Task
Would you please return the data below verbatim, without its pictures?
*** Data segment Section Begins ***
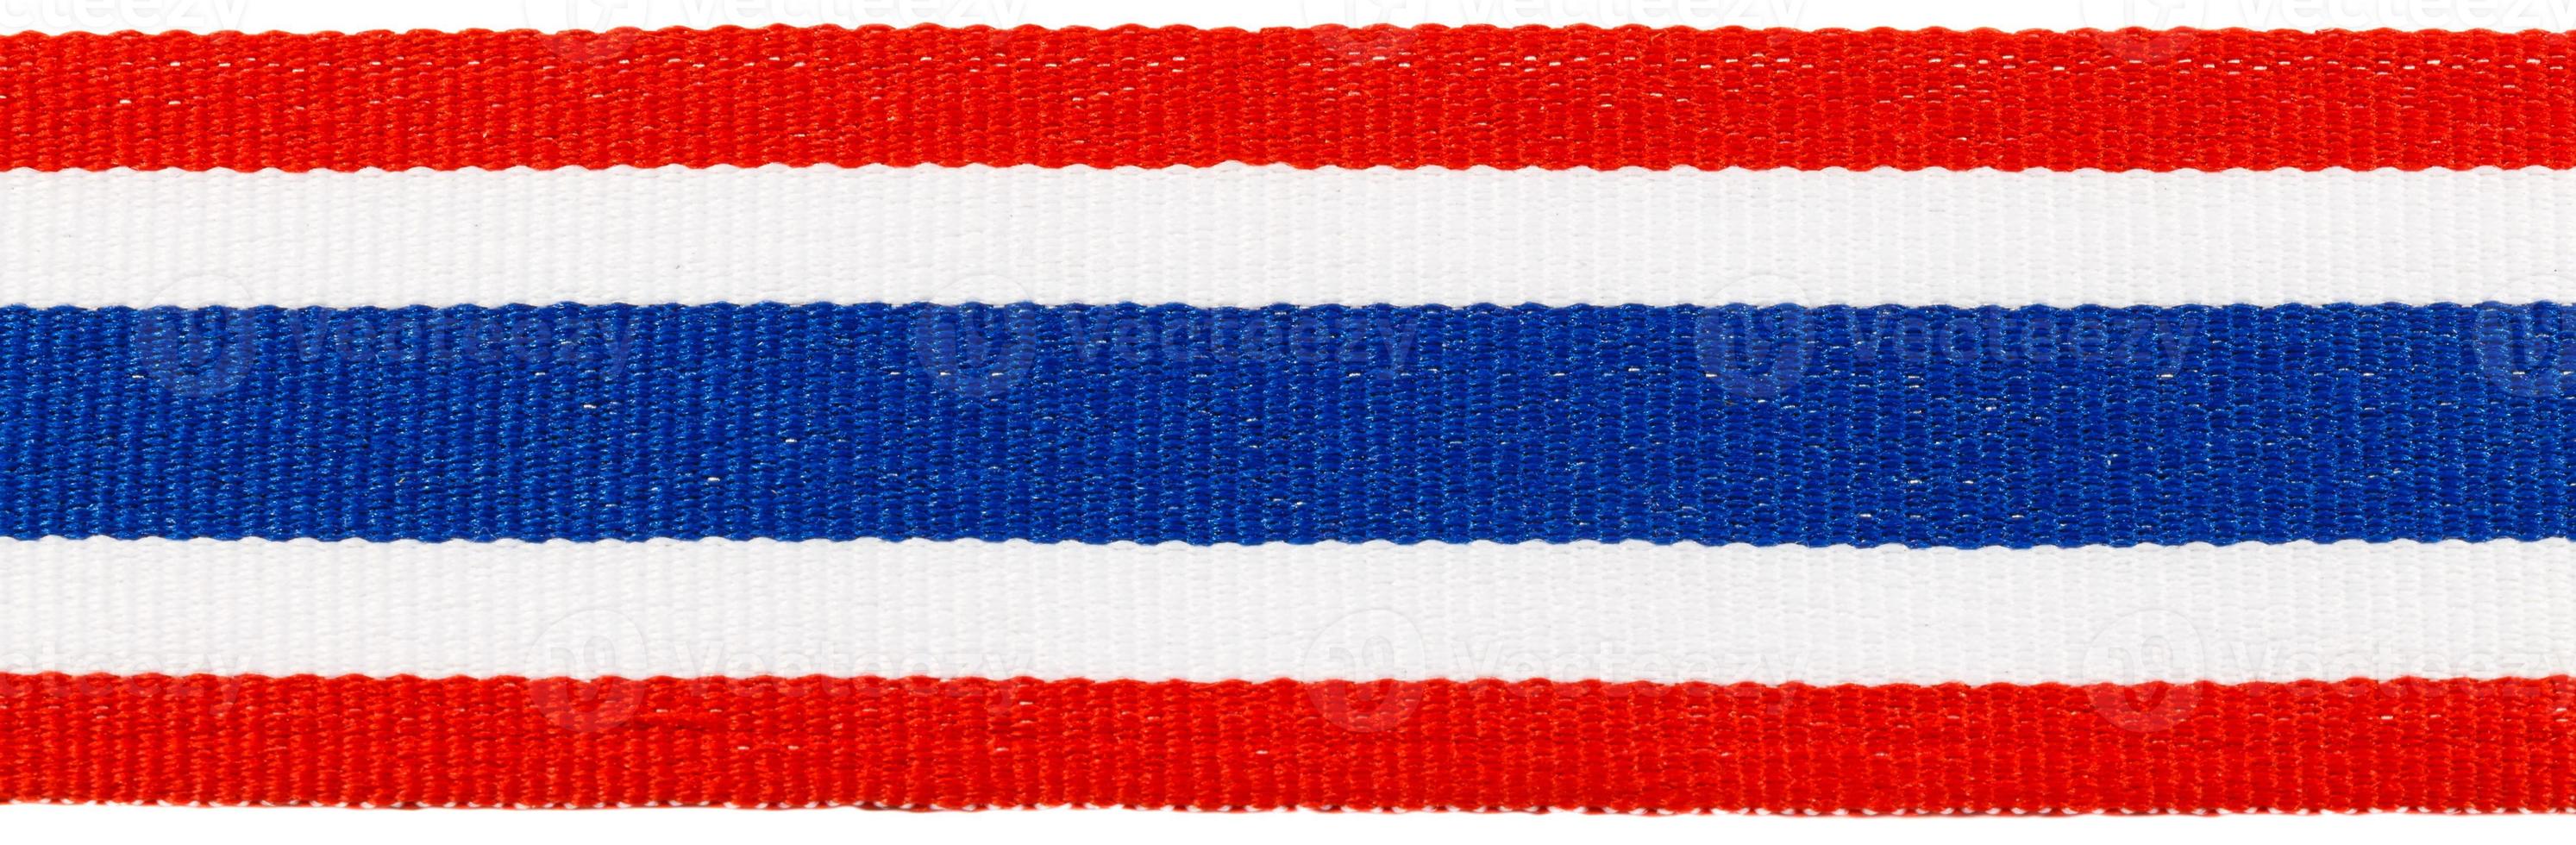 Band mit thailändischem Flaggenmuster foto
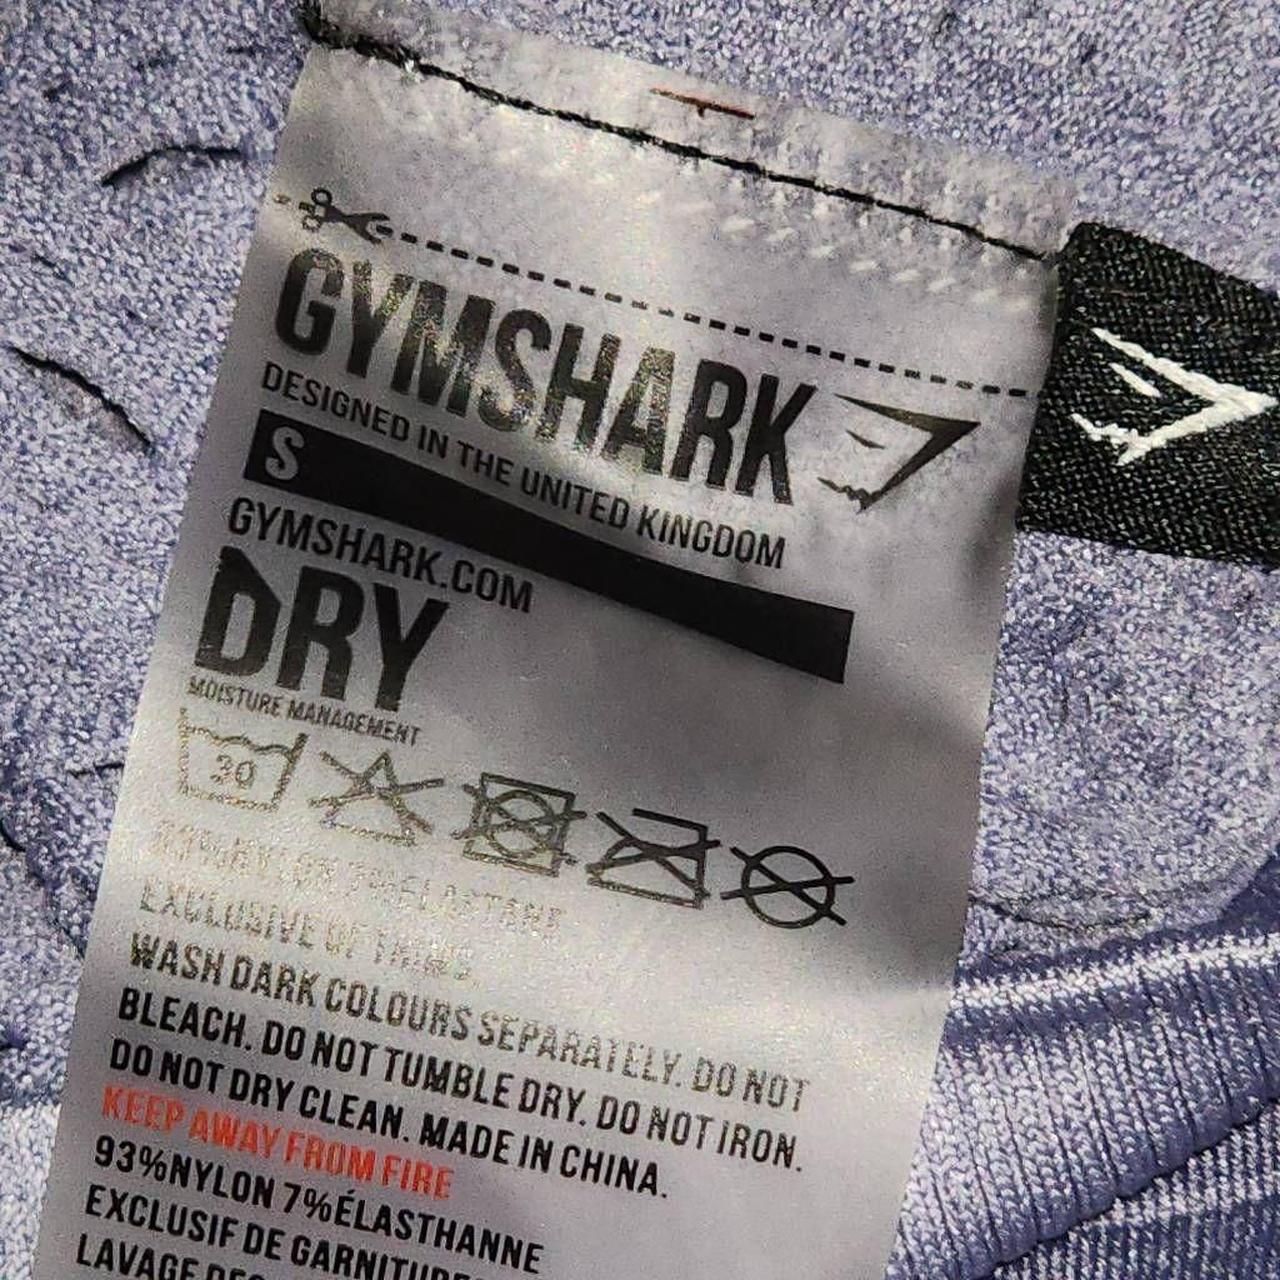 Gymshark Dry Moisture Management Seamless Leggings - Depop
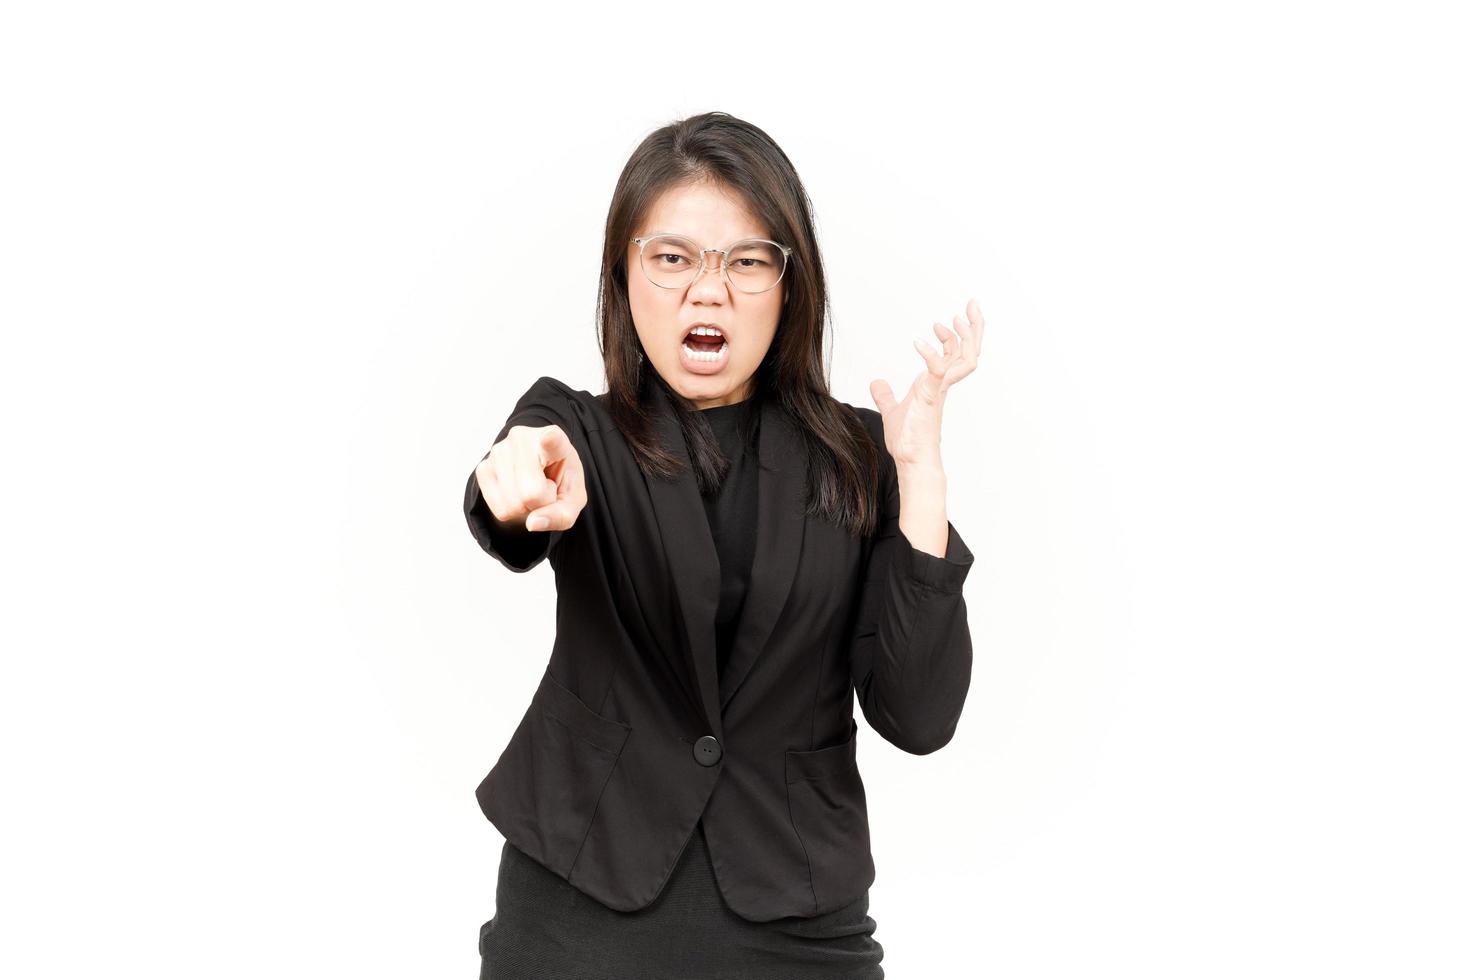 boos en richten naar camera van mooi Aziatisch vrouw vervelend zwart blazer geïsoleerd Aan wit foto
*** Data segment Section Ends ***
Your solution
 Band mit thailändischem Flaggenmuster foto
 Gymshark Dry Moisture Management Seamless Leggings - Depop
 boos en richten naar camera van mooi Aziatisch vrouw vervelend zwart blazer geïsoleerd Aan wit foto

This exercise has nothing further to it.